Get Serial number, expiry date, subject name and subject alternative names in script
The question was something like this:
..."What I need to be able to do is iterate through each certificate in the Local Machine’s Personal store and spit out at least the serial number, expiry date, subject name and subject alternative names."
Here is the output:
----------------------------------------------------------------
Serial: 619487CD000000E4DCFF
SubjectName: CN=SPATDSG, OU=Workstations, OU=Machines, DC=crisco, DC=com
Valid from 7/29/2008 9:31:40 PM to 8/28/2008 9:31:40 PM
SAN: Other Name:
Principal Name=SPATDSG$@crisco.com
----------------------------------------------------------------
Here is a starter.. requries capicom
Const CAPICOM_LOCAL_MACHINE_STORE = 1
Const CAPICOM_STORE_OPEN_READ_ONLY = 0
Const CAPICOM_CERTIFICATE_FIND_TIME_VALID = 9
Set oStore = CreateObject ("CAPICOM.Store")

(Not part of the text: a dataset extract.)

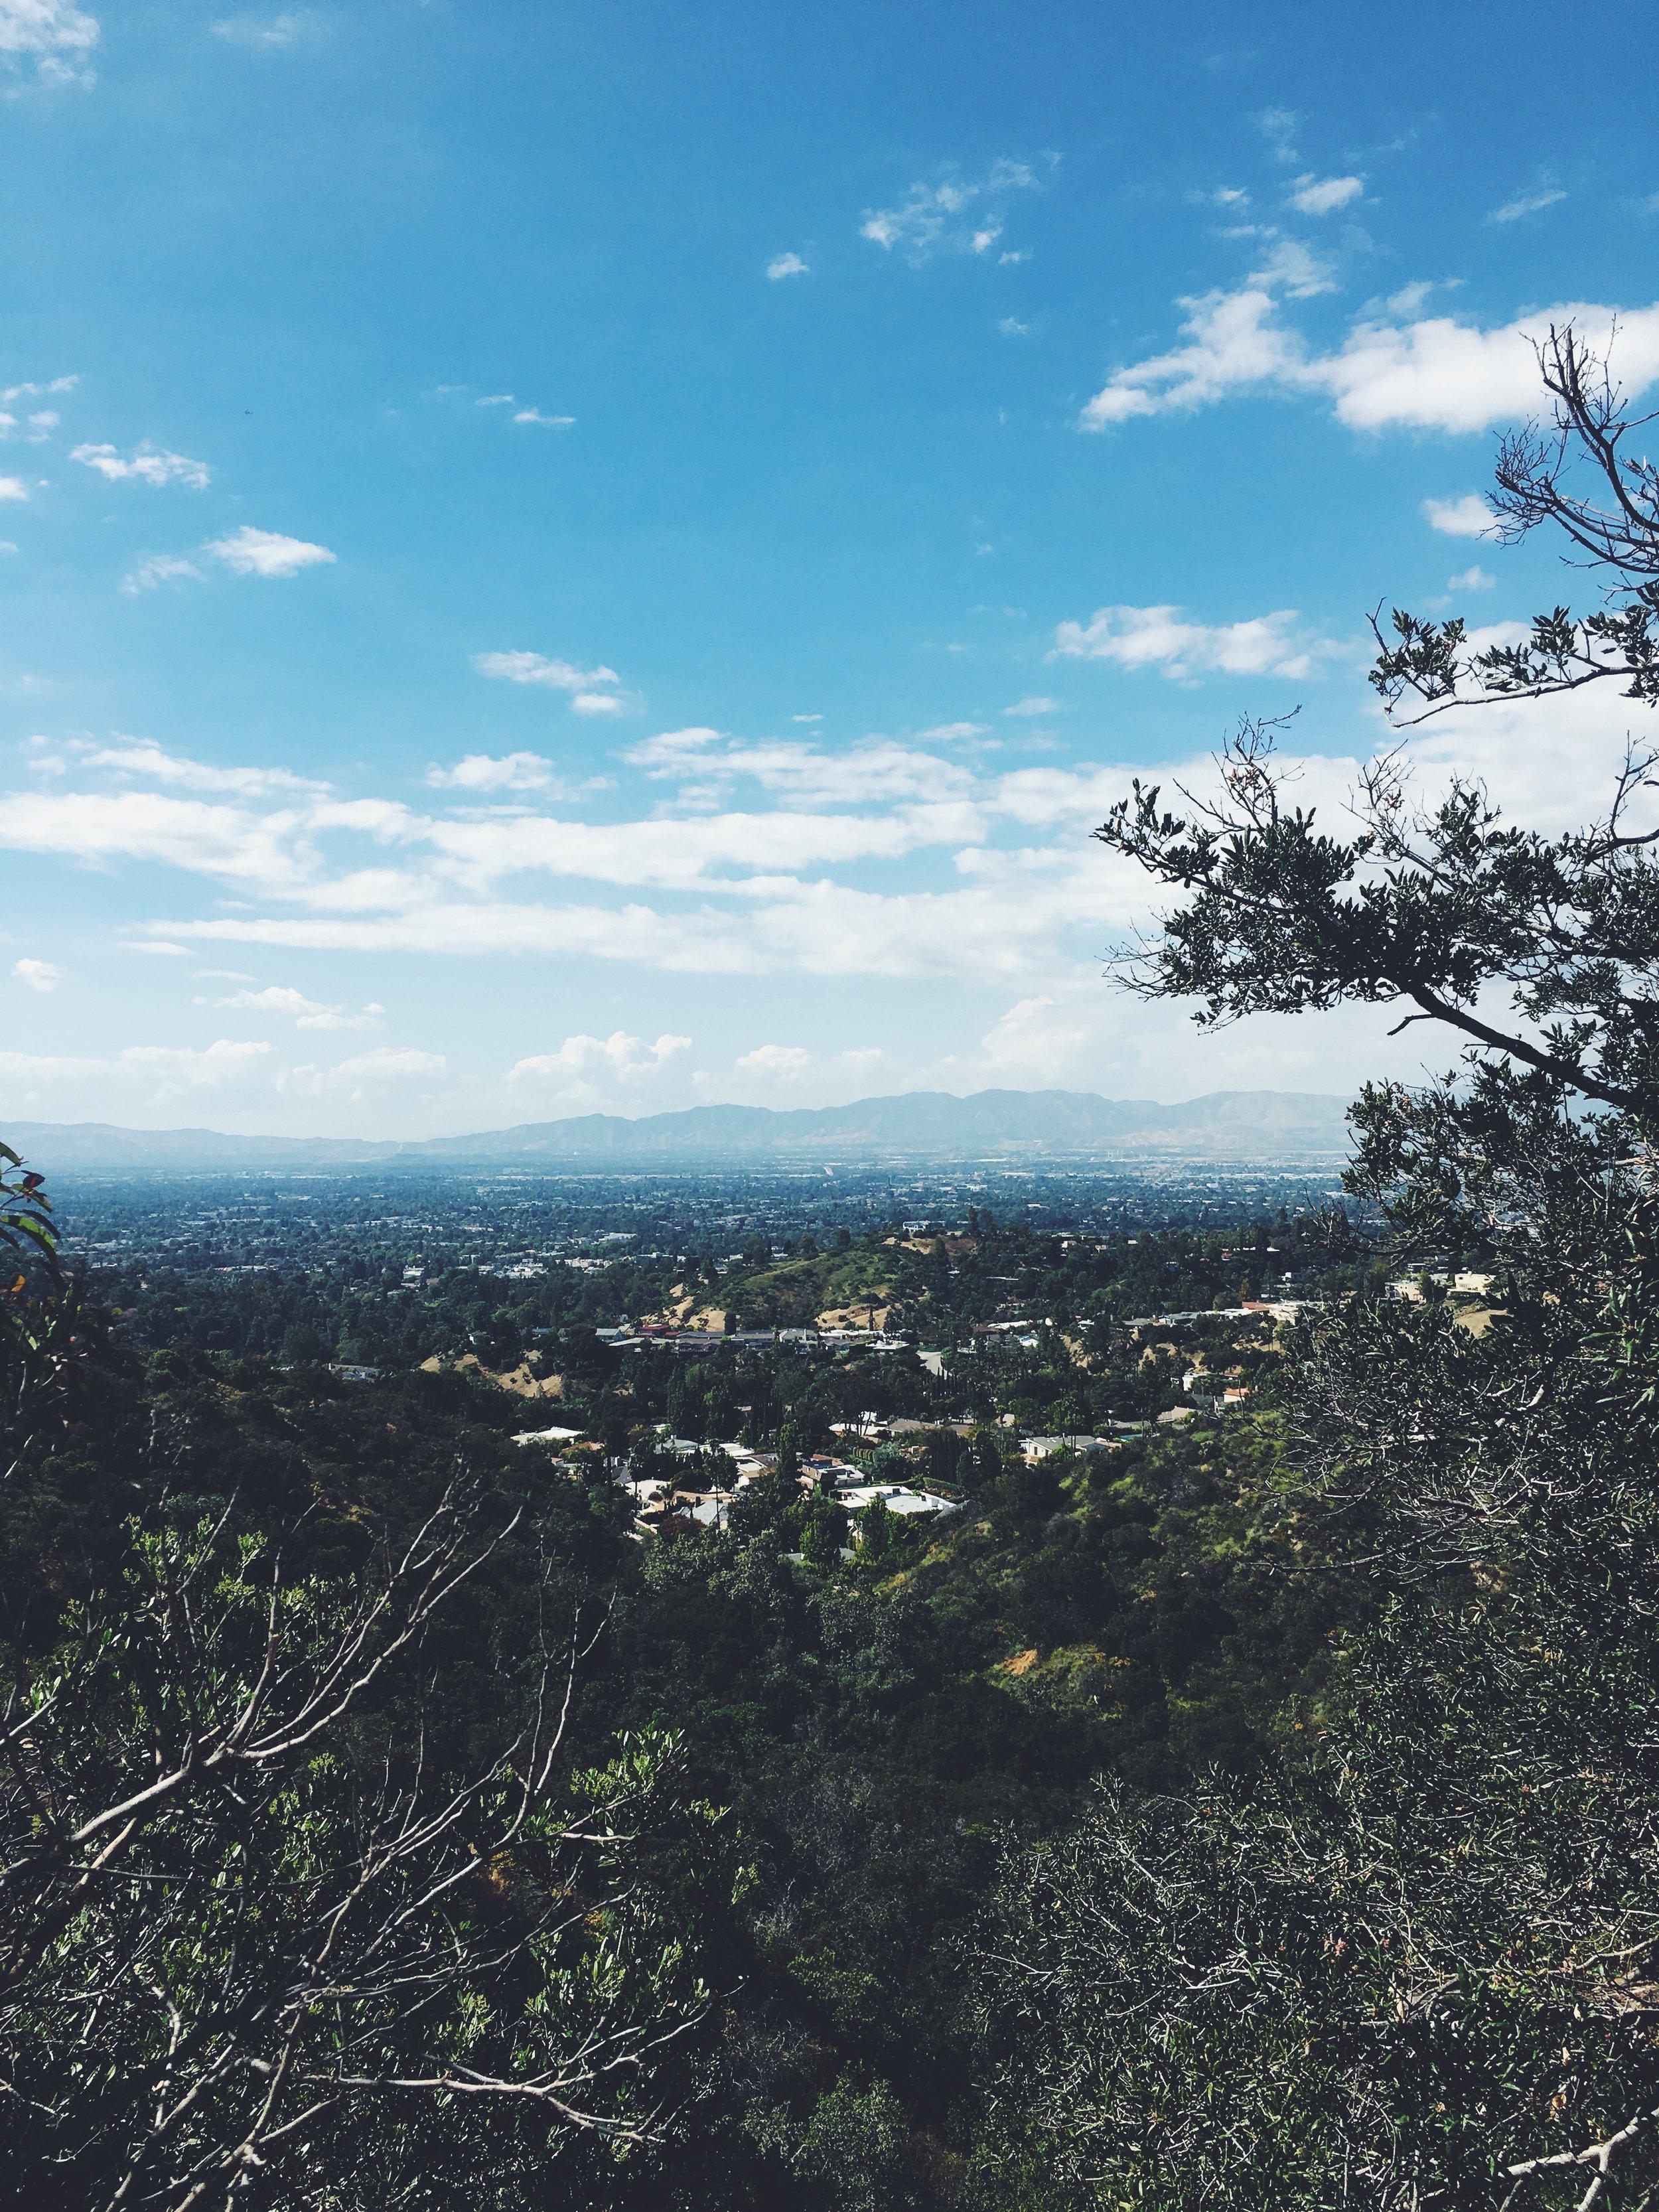 Mulholland Drive Secret Hike Mountain Views.JPG

oStore.Open CAPICOM_LOCAL_MACHINE_STORE, "MY" ,CAPICOM_STORE_OPEN_READ_ONLY
Set Certificates = oStore.Certificates.Find(CAPICOM_CERTIFICATE_FIND_TIME_VALID,, 0)
If Certificates.Count >0 Then
For Each Certificate in Certificates
set extensions = Certificate.Extensions()
WScript.Echo "Serial: " & Certificate.SerialNumber
WScript.Echo "SubjectName: " & Certificate.SubjectName
WScript.Echo "Valid from " & Certificate.ValidFromDate & " to " & Certificate.ValidToDate
' get the SAN data if it is there
For Each extension in extensions
if extension.OID = 12 then
SubjectAltName = extension.EncodedData.Format(true)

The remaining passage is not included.